I had been focusing so hard on not laughing in the garage that, after the dam had finally breached, I had forgotten for a moment that Josh’s room was right across the hall from his older sister’s. I was so embarrassed by the thought of her hearing me giggle that the laughter inside me died, and with it went the brief moment of forgetfulness about why we had gone looking for the flashlight to begin with.
“You ready?” I asked Josh.
“Yeah. Is this everything?” he said, as he gestured toward the flashlight while picking up the walkie-talkies.
I felt a little foolish — I hadn’t even thought to bring the walkie-talkies, despite the fact that this was the one time where we might actually get to use them.
“Yeah, I think so.” I responded coolly. “Let’s go.”
Escaping Josh’s house turned out to be much easier than finding a flashlight in it. The window in his room opened to the back yard, and he had a latched wooden fence that wasn’t locked. The fence opened to the side of the house, and we crept along quietly as we passed under his parents’ bedroom window. We made a sharp turn away from his house and toward the trashcan-lined street. Once we were in the clear, we slipped off into the night, flashlight and walkie-talkies in hand.
There were two ways to get from Josh’s house to my old house. We could walk on the street and make all the turns, or go through the woods, which would take about half the time. It would have taken about two hours to walk there taking the street, but I suggested that we go that way anyway; I told him it was because I didn’t want to get lost. Josh scoffed at this idea and insisted that between the two of us we would have no trouble finding our way. I pointed out that it had been years since I’d walked through these woods; he waved his hands at me dismissively and said that he doubted that anyone knew these woods better than us after the lengths that we had gone to in order to explore them, even at night.
“But what about when we were kids? You remember how thick the woods get.”
“But we’re not kids anymore,” he responded.
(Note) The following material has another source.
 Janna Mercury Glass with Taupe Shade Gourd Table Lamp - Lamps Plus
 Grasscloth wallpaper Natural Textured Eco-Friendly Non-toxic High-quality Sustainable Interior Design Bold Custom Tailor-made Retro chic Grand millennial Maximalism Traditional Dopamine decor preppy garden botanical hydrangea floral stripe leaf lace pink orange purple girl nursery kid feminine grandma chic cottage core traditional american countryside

Before I could rebut, he added that if we were seen walking along the street, someone might recognize him and tell his dad; he threatened to go home if we didn’t just take the shortcut. I accepted his preference because I didn’t want to go by myself. Nervously, I turned with Josh toward the line of trees across a vacant lot and walked on.
Josh didn’t know about the last time I walked through these woods at night and how hard it had been to find my way out.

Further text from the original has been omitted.